Your instructions => Please give back only the lines below from the one containing "Weniger Wasserverbrauch, weniger" to the one containing "Этот look необходимо", each repeated word for word, both ends included.

Material shown =>
§ §

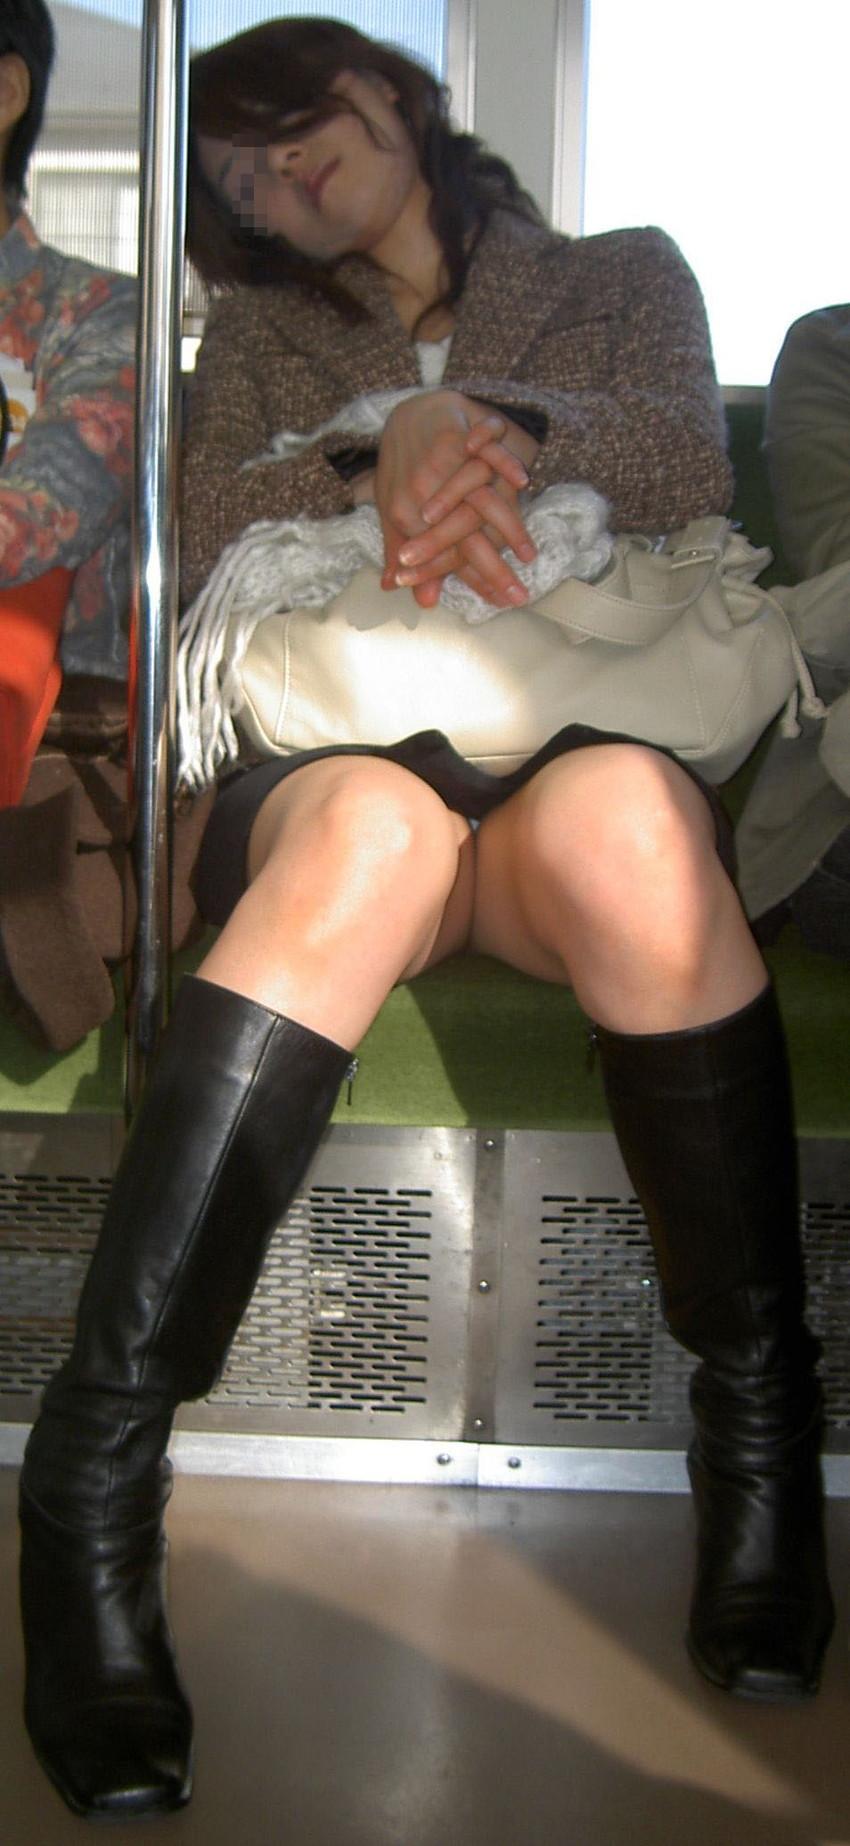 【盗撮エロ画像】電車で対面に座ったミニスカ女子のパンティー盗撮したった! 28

§ §

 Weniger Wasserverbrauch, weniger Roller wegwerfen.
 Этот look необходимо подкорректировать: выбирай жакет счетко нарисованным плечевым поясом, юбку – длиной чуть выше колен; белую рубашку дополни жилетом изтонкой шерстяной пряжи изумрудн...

§ §

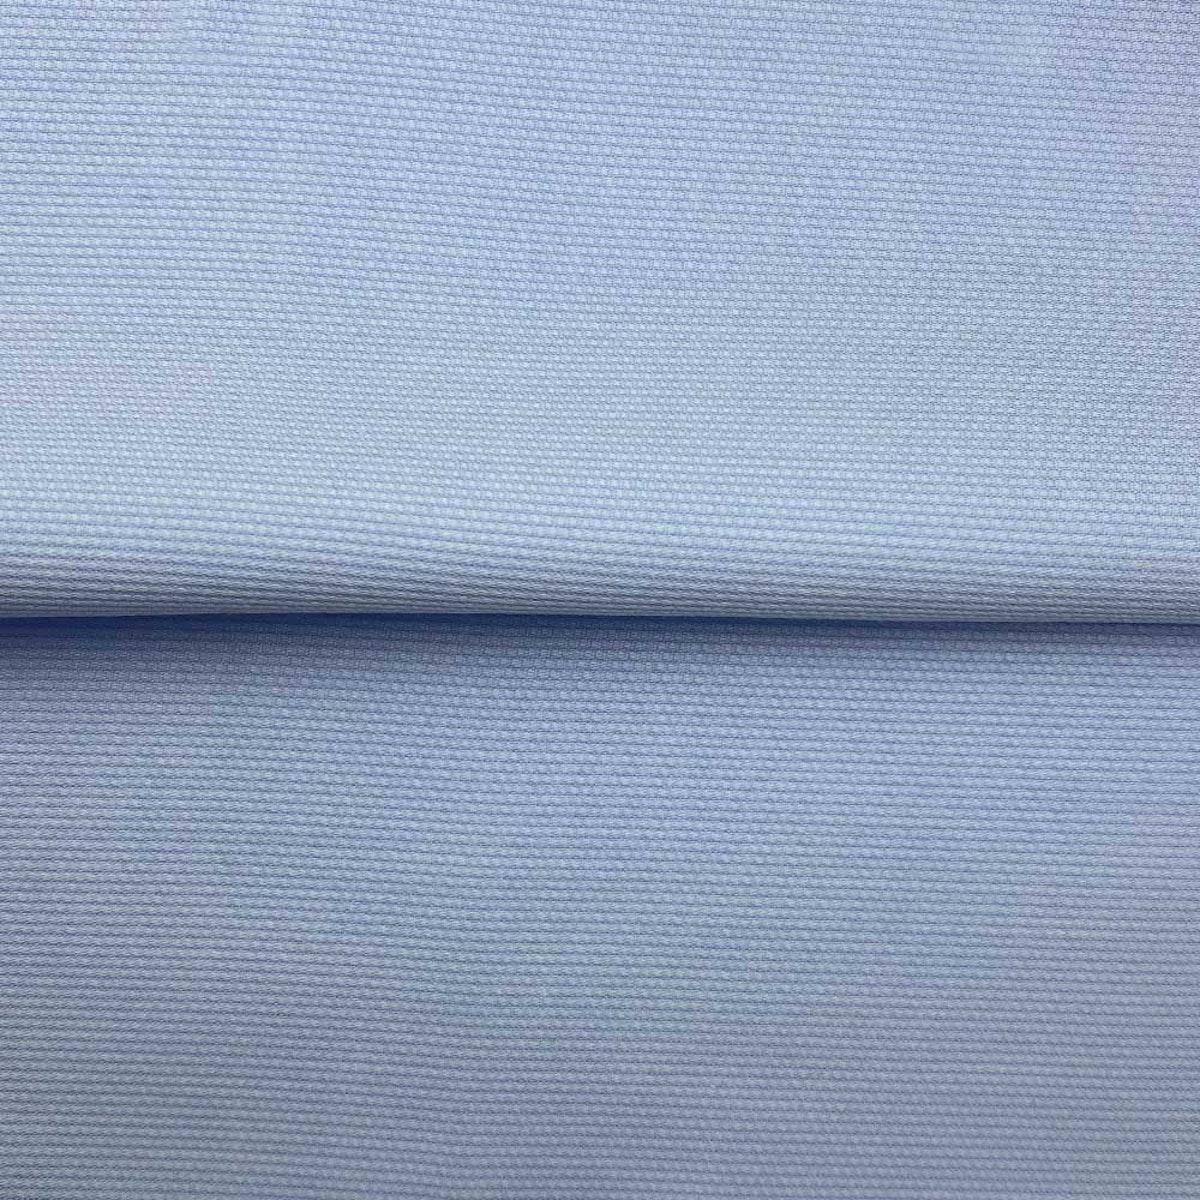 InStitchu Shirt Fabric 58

§ §

Answer to this problem =>
 Weniger Wasserverbrauch, weniger Roller wegwerfen.
 Этот look необходимо подкорректировать: выбирай жакет счетко нарисованным плечевым поясом, юбку – длиной чуть выше колен; белую рубашку дополни жилетом изтонкой шерстяной пряжи изумрудн...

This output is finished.